Brexit is a catastrophe. But a close win for Remain would not exactly have been a triumph either. Neither would it have weakened the likes of Nigel Farage, nor would it have strengthened the European idea. In contrast, Brexit will finally showcase what the European Union actually means for the well-being of its members. It will shed light on the benefits it entails – benefits that are largely taken for granted. And it will show in all brutality what it means to give up on them.
The current chaos in Britain does not go unnoticed. Neither will Brexit’s medium to long term impact on the UK. If the damage to continental Europe and its economy can be contained, Brexit might even reinvigorate sympathies for European integration.
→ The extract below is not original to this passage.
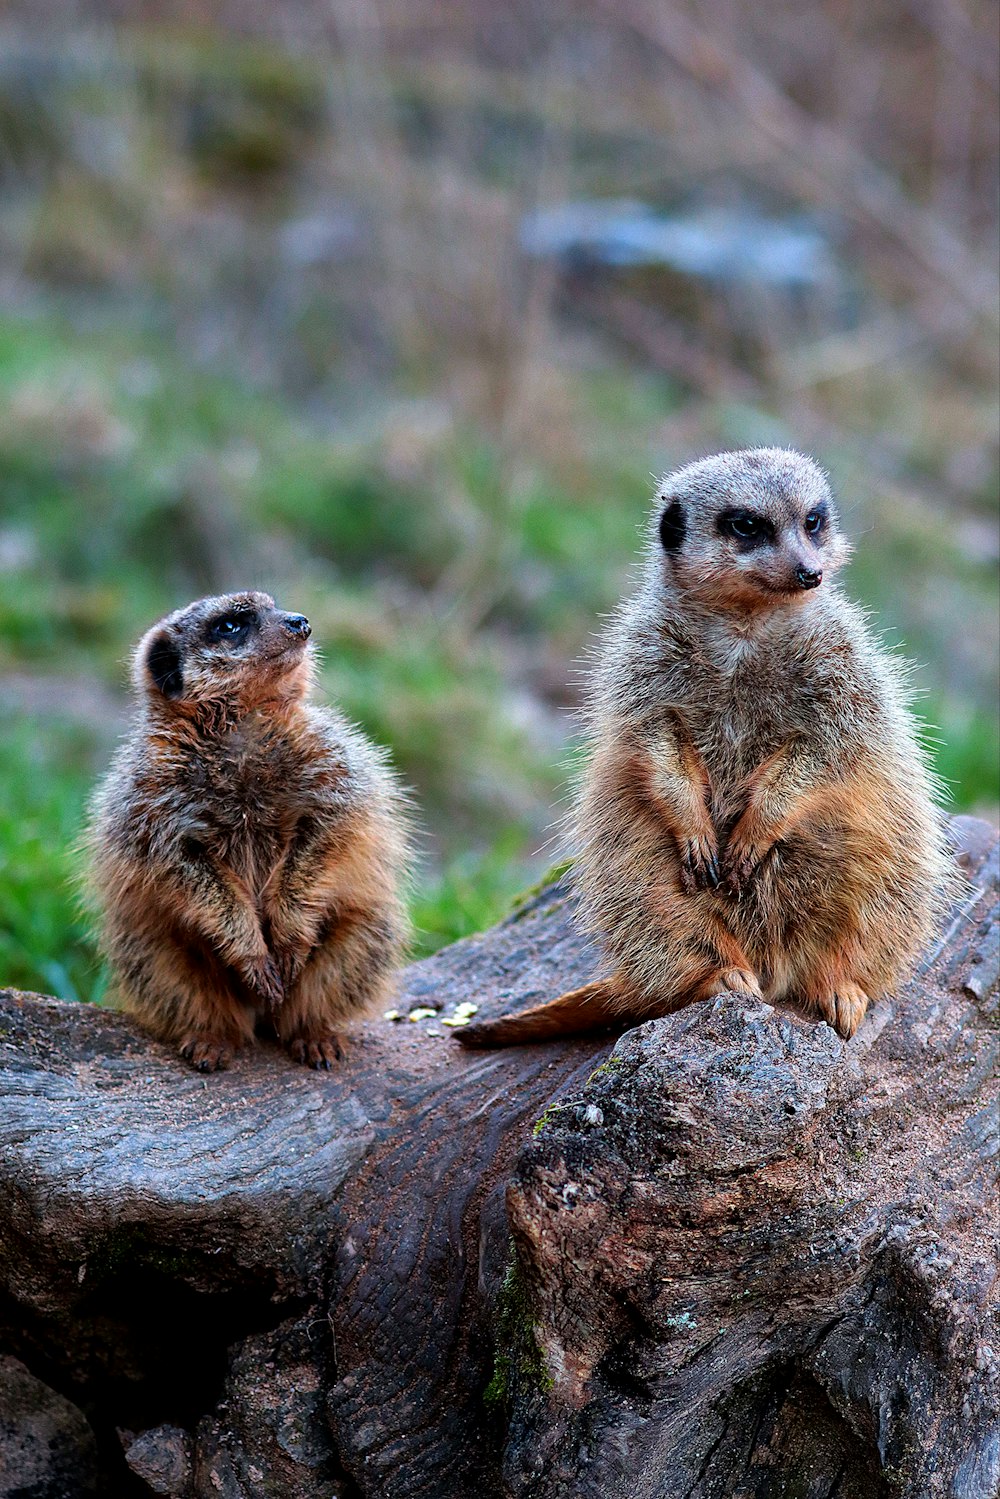 two meerkats are sitting on a log
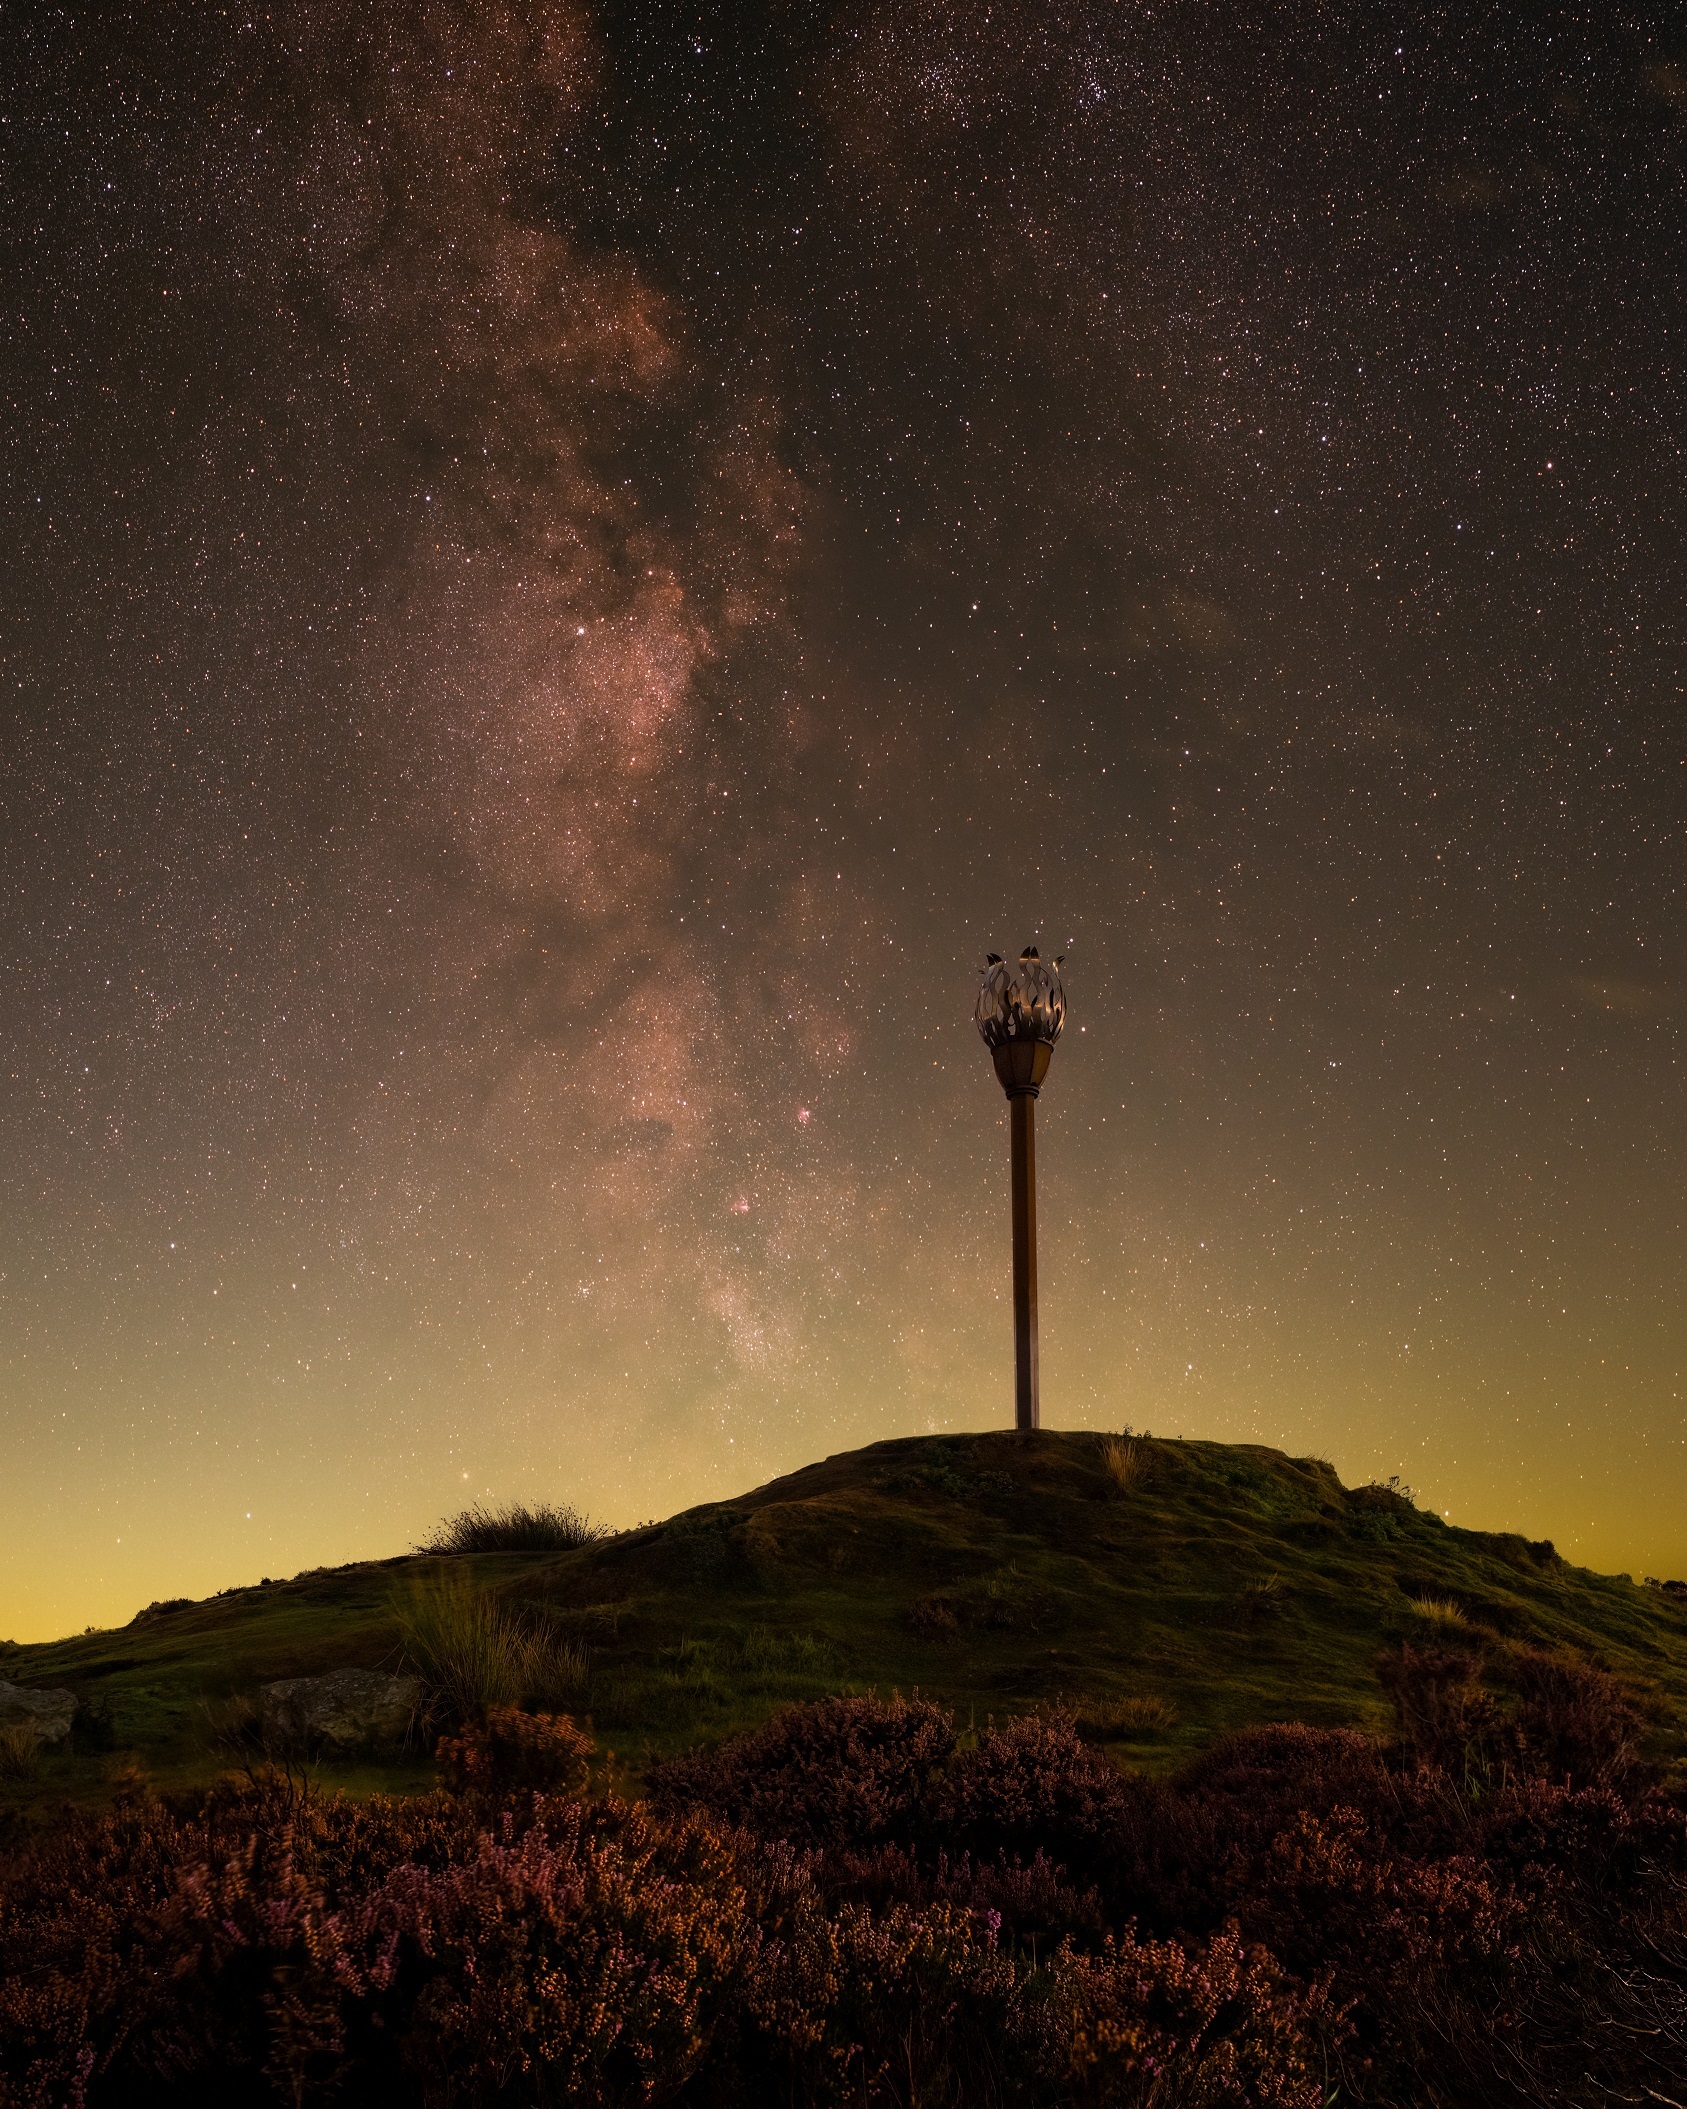 Danby Beacon, pictured by Tony Marsh

The best option the UK can hope for now is to get a deal like Switzerland or Norway. If it wants to retain free movement of goods, services and capital, then it will also have to accept free movement of persons. Access to the single market will require adhering to much of the EU’s key legislation and paying into the EU’s budget. Hence there will be few savings to be spent in Britain, let’s say on the NHS. At the same time the UK will not be at the table when decisions on the EU legislation it will have to follow or the EU’s budget it will have to contribute to are made. Meanwhile, the UK might lose the passporting rights enabling London-based banks to operate freely across Europe’s financial markets and which would prompt financial institutions to relocate parts of their staff and operations to the Eurozone. Obviously experts predicted all that before the referendum. But then again expert opinion wasn’t very much in demand.
Continental Europe might develop more favourably. Brexit is unlikely to be followed by a leap towards federalism in Europe. However, the European Union will face far less political resistance to further integration and to the creation of economic governance able to deal more efficiently with the Eurozone crisis and potentially prevent further ones. Moreover, it will face less obstacles to developing its social dimension, offering the opportunity to win back trust within its populations.
Over the next one or two decades, the British public might realize that sitting at the table in Brussels were worth the few more directives and regulations that EU membership entails in comparison to the deal they will have by then. They may even realize that participation in Europe’s political integration is more than just a necessary evil. The UK’s demographic development will work in favour of such developments.
At some point, Britain could consider applying for membership again. It will face the same accession process as all other candidate countries. It will have to implement the entire Acquis Communautaire without getting any relevant opt-outs or rebates. And then one day, it might rejoin what has hopefully become a more integrated, more social and much better governed European Union. One that possibly already has Scotland as a member.